### Required action
The reply must repeat the listing below exactly and carry none of its pictures.

### Data block
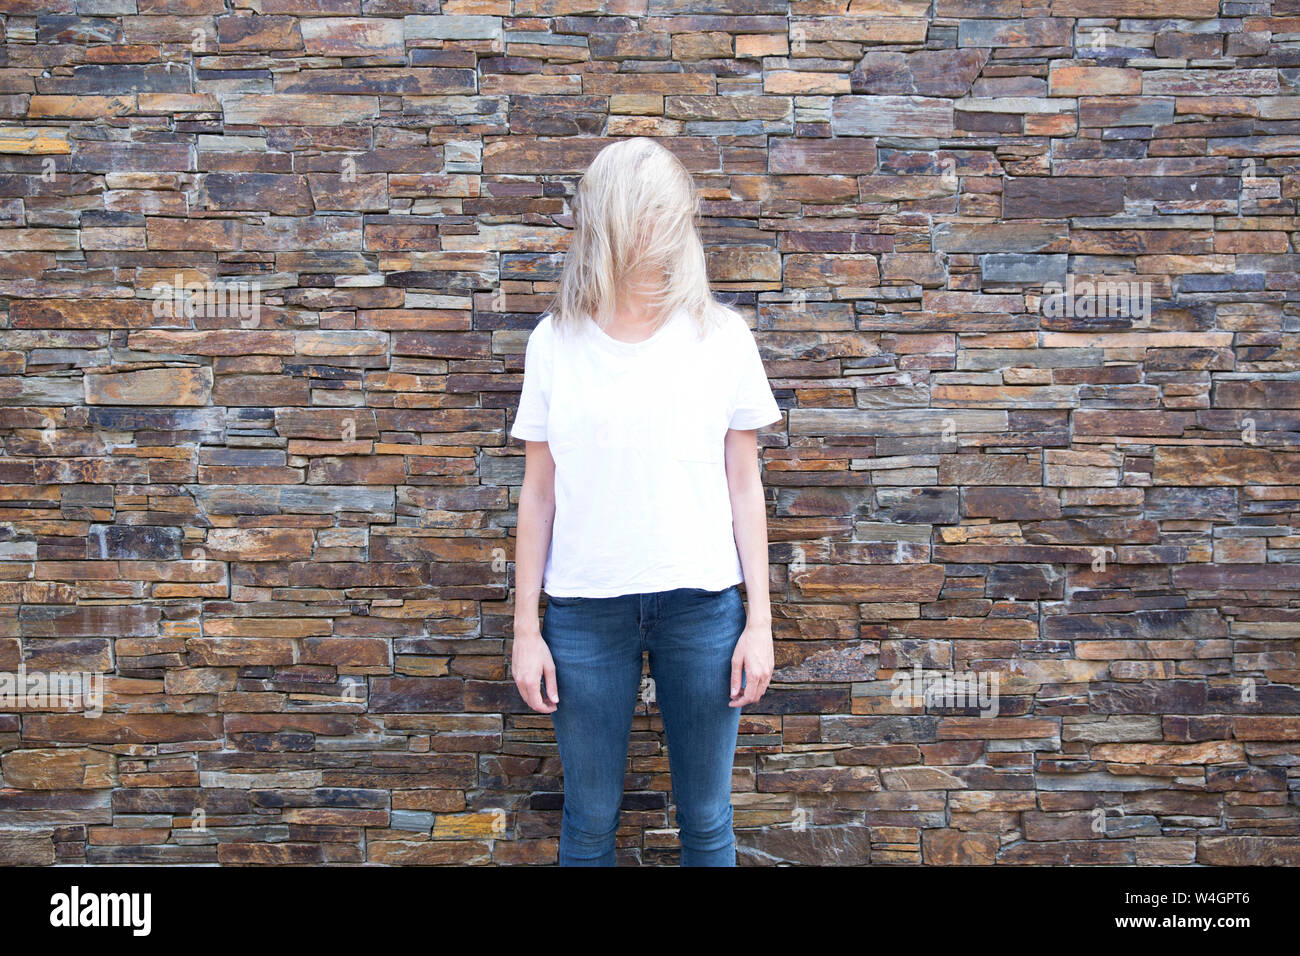 Woman in front of stone wall, obscured face Stock Photo
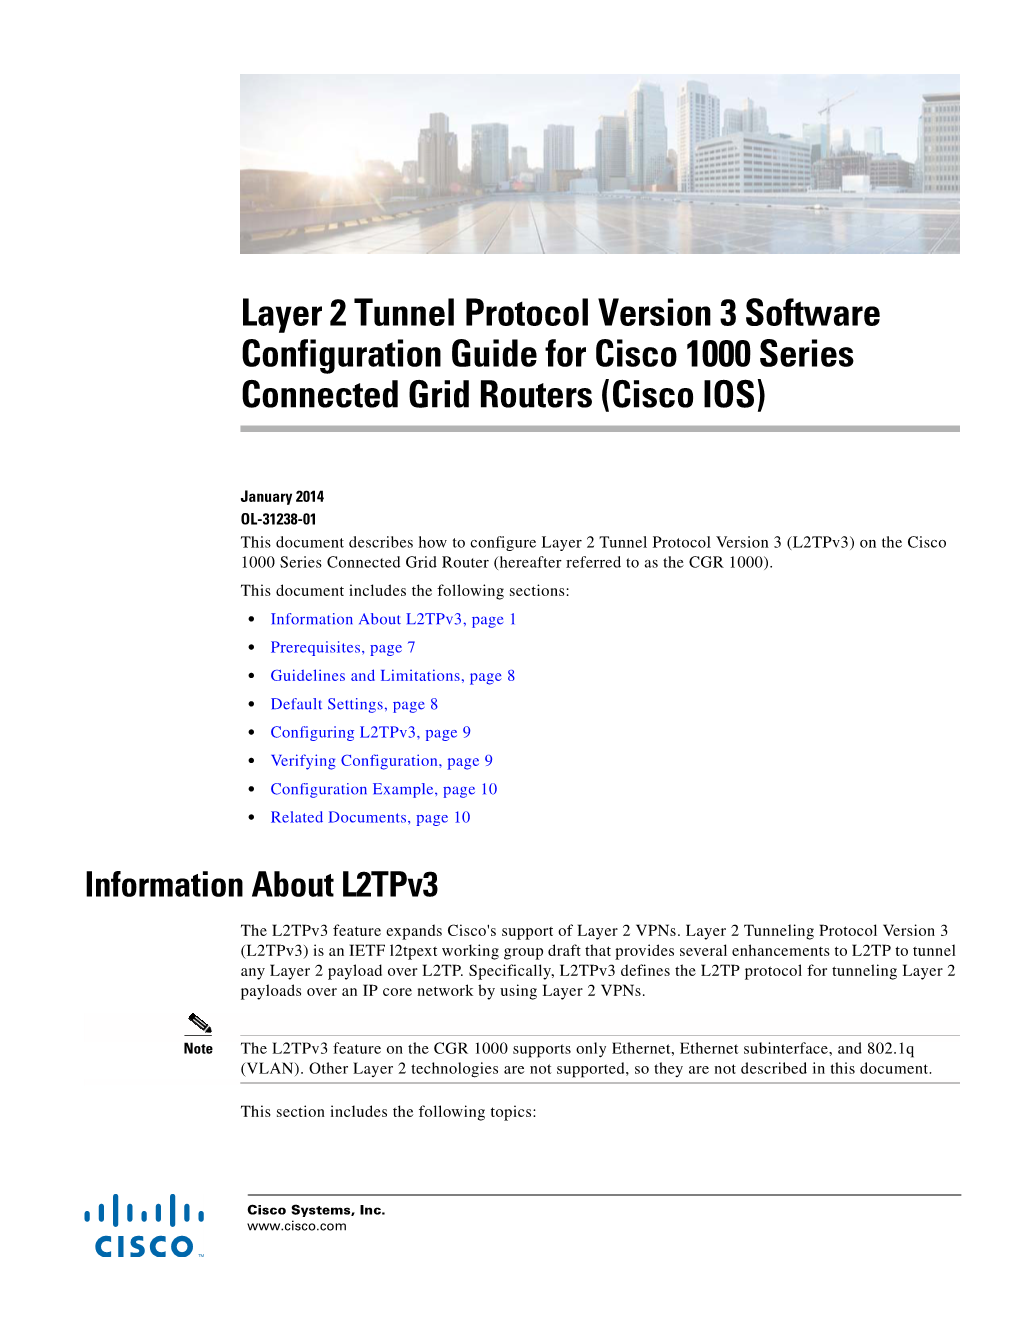 Layer 2 Tunnel Protocol Version 3 Software Configuration Guide for Cisco 1000 Series Connected Grid Routers (Cisco IOS)
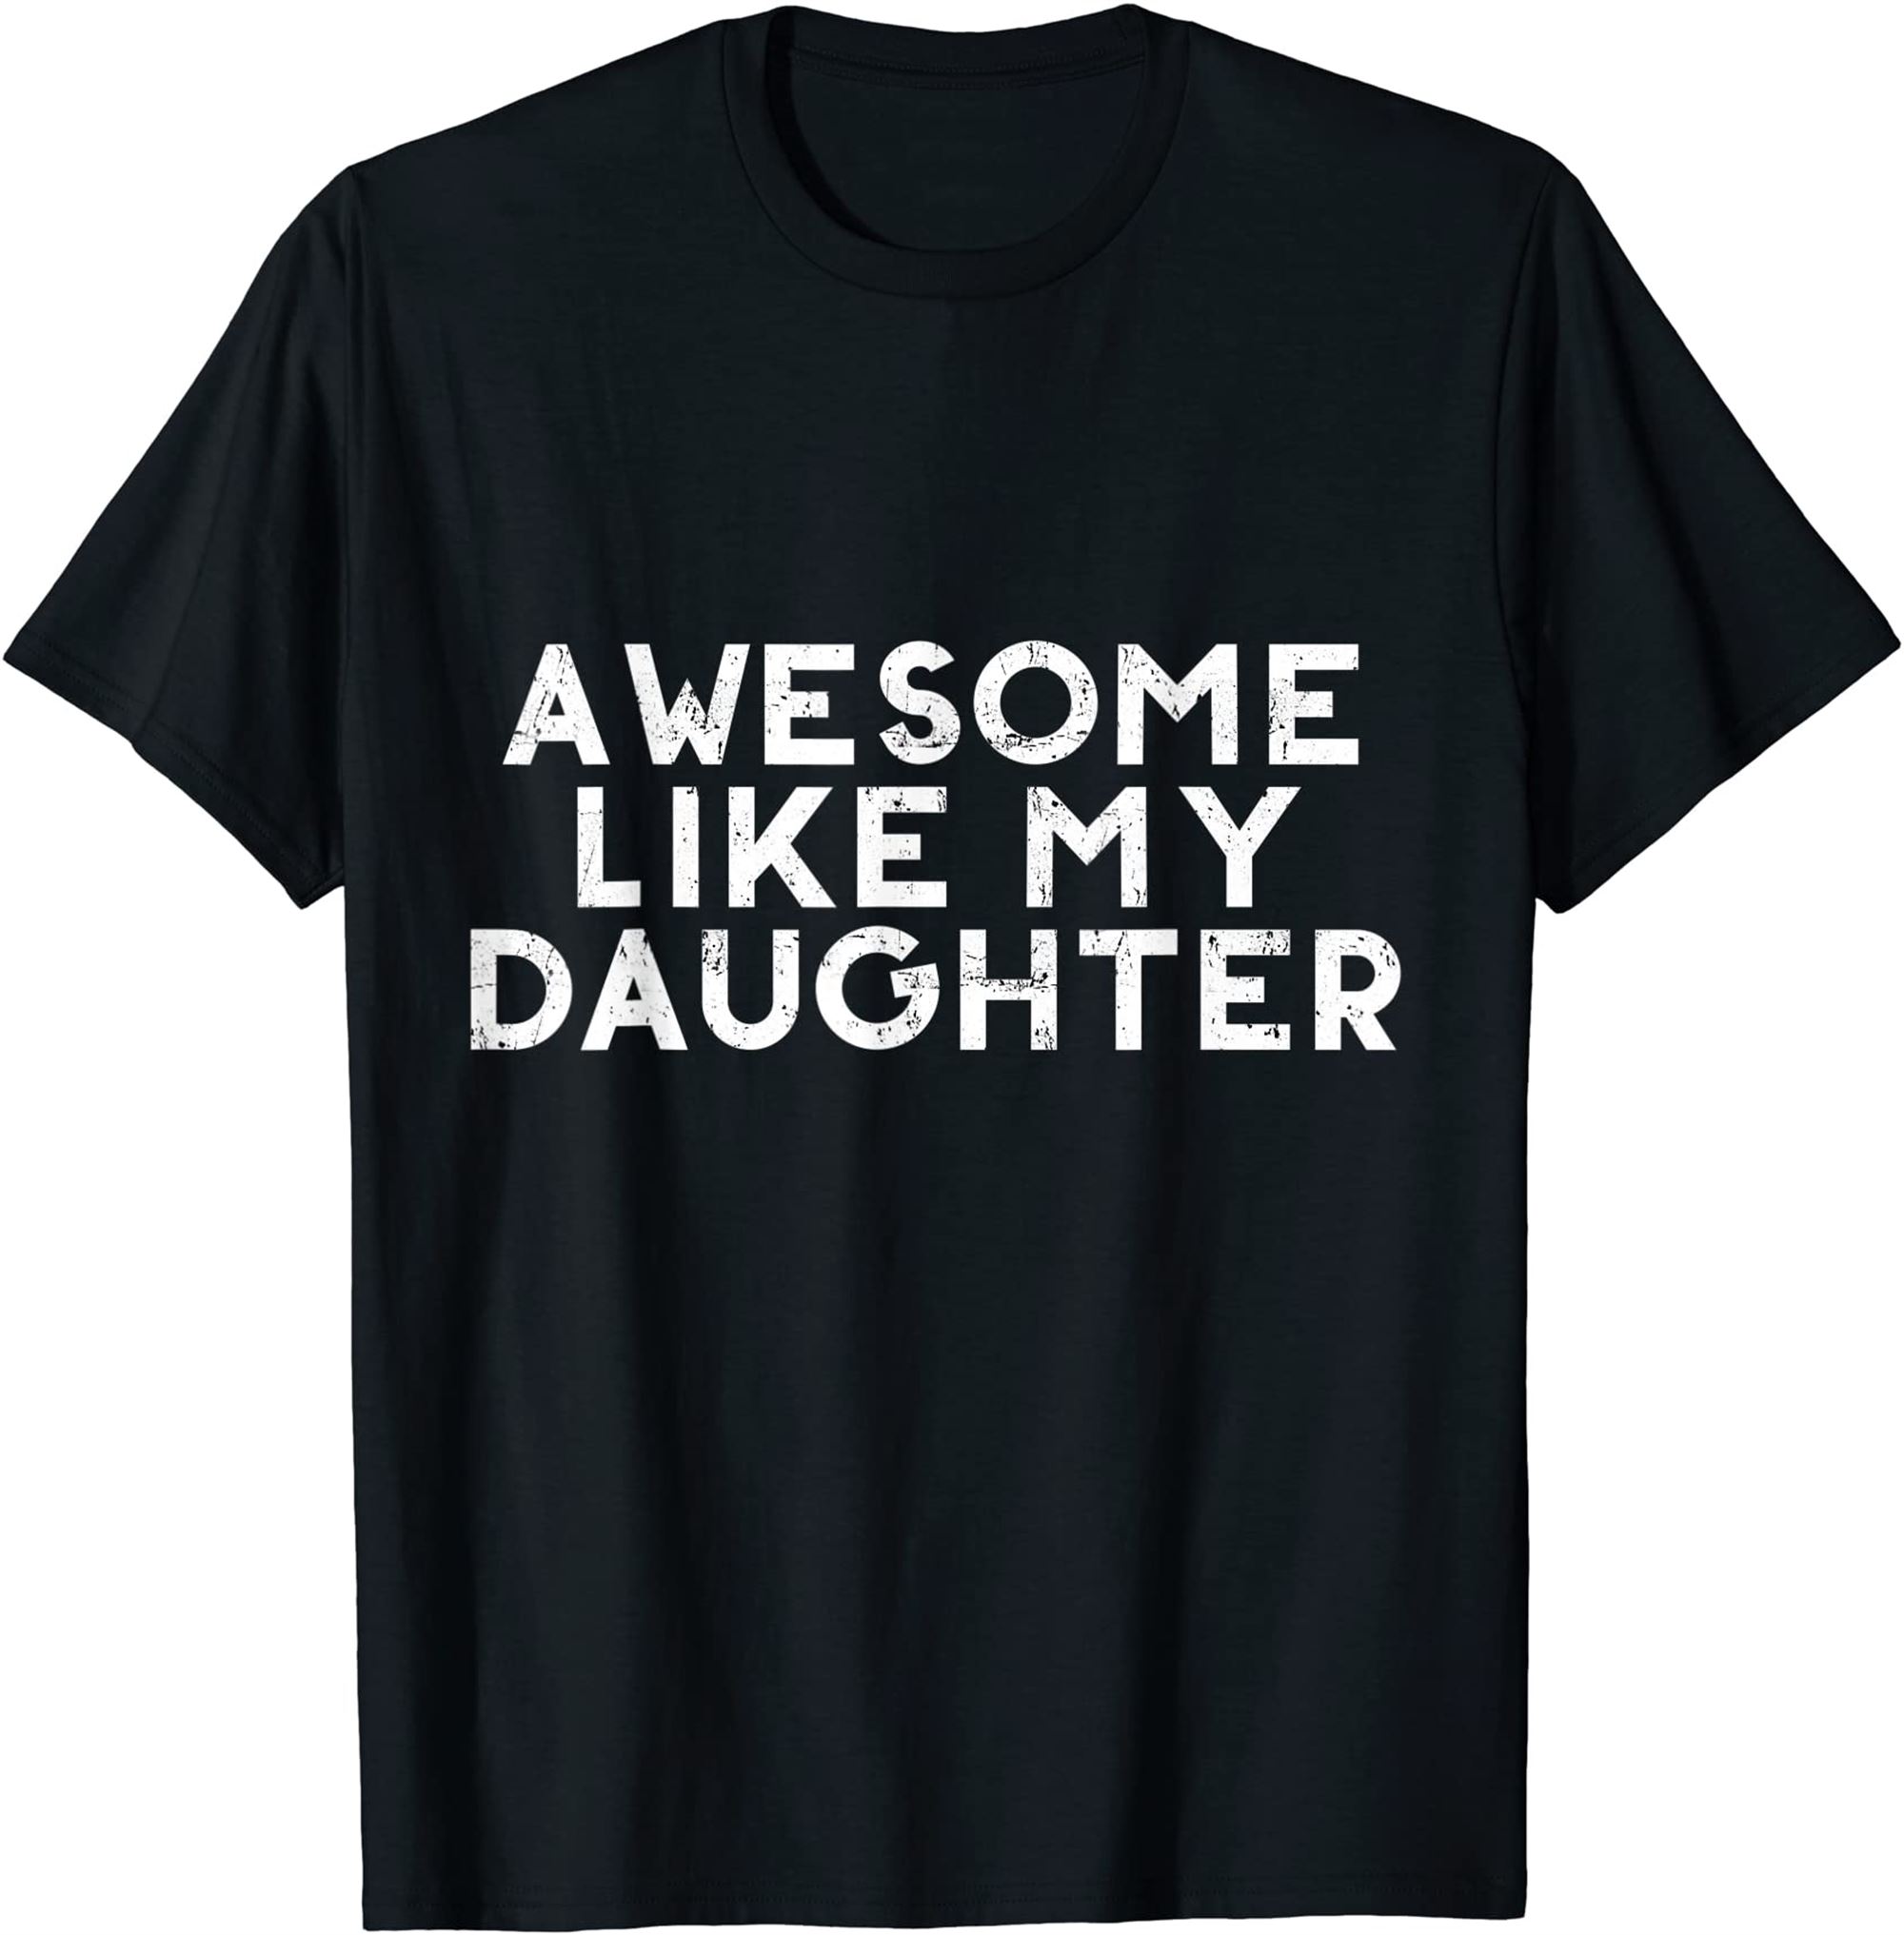 Funny Awesome Like My Daughter Fathers Day Gift Dad Joke T-shirt Full Size Up To 5xl

### Response area
 Woman in front of stone wall, obscured face Stock Photo
 Layer 2 Tunnel Protocol Version 3 Software Configuration Guide for Cisco 1000 Series Connected Grid Routers (Cisco IOS)
 Funny Awesome Like My Daughter Fathers Day Gift Dad Joke T-shirt Full Size Up To 5xl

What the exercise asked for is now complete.